[WHAT YOU HAVE TO DO] Any picture in the data below gets skipped; print all the rest exactly.

[SUPPLIED DATA]
============
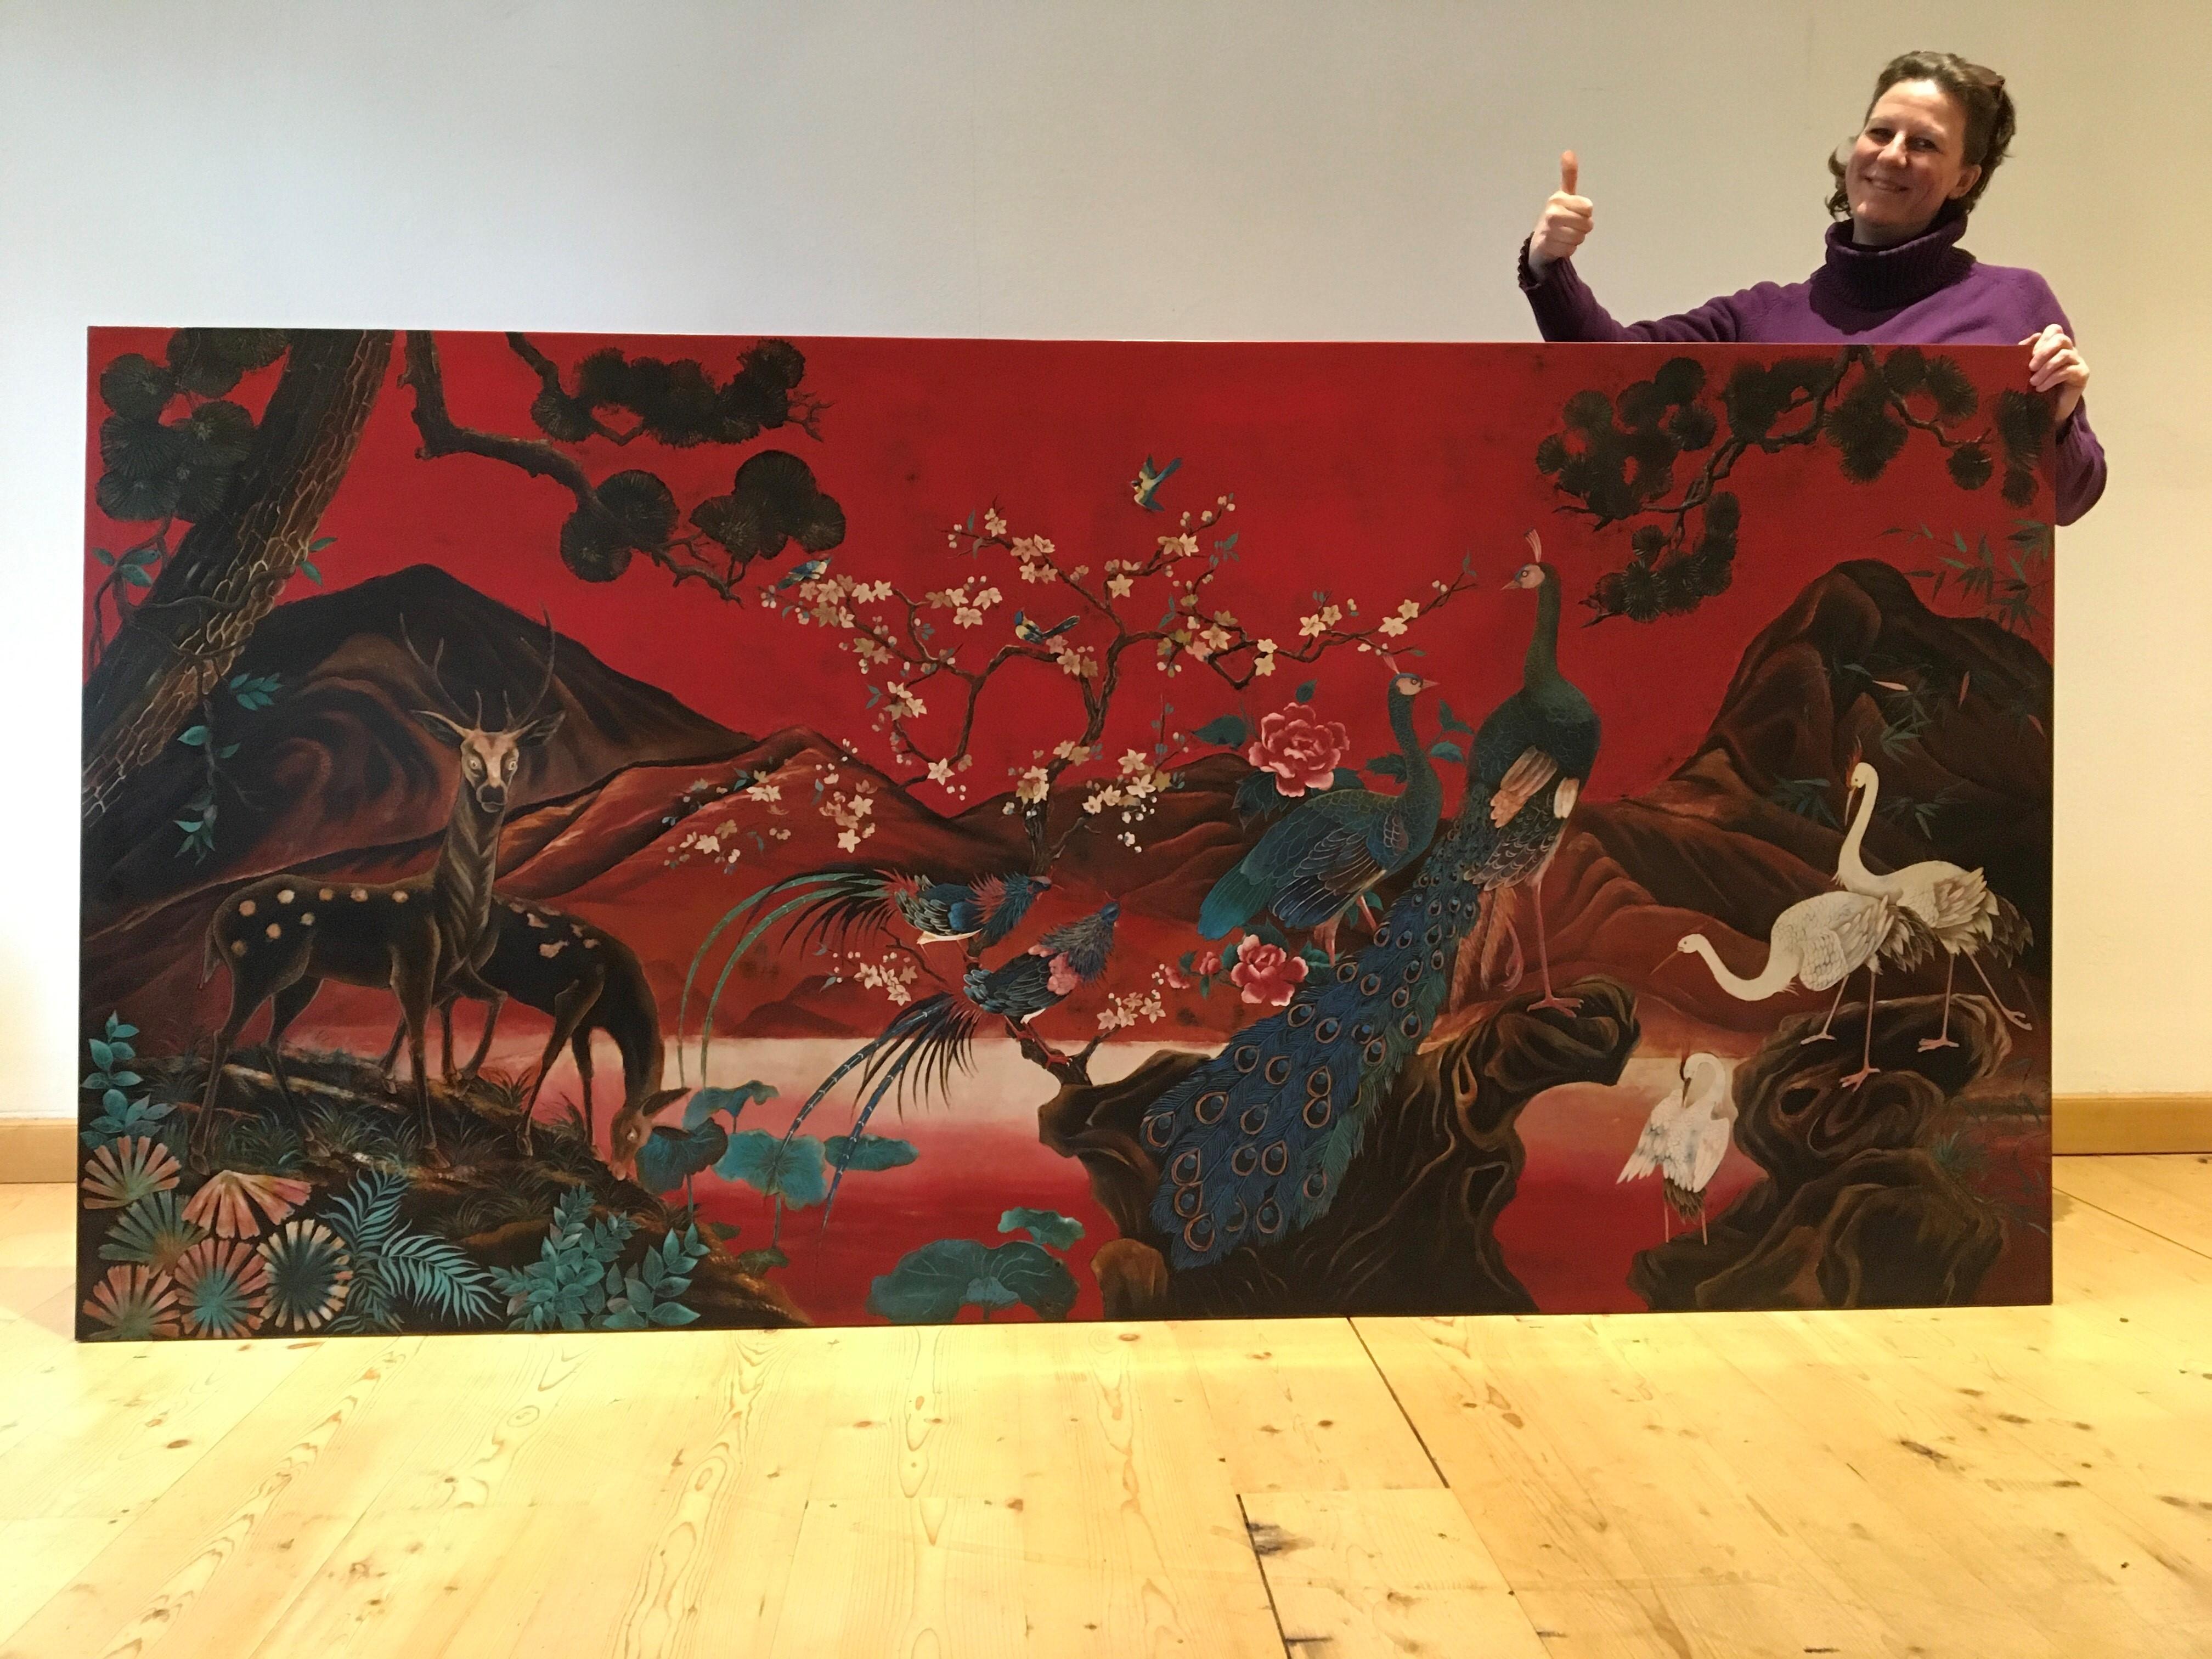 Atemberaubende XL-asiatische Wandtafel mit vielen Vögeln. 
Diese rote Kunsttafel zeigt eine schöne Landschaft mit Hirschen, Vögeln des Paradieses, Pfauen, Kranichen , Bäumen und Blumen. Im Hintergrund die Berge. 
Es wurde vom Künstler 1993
============
[RESPONSE TO THIS TASK]
 Atemberaubende XL-asiatische Wandtafel mit vielen Vögeln. 
Diese rote Kunsttafel zeigt eine schöne Landschaft mit Hirschen, Vögeln des Paradieses, Pfauen, Kranichen , Bäumen und Blumen. Im Hintergrund die Berge. 
Es wurde vom Künstler 1993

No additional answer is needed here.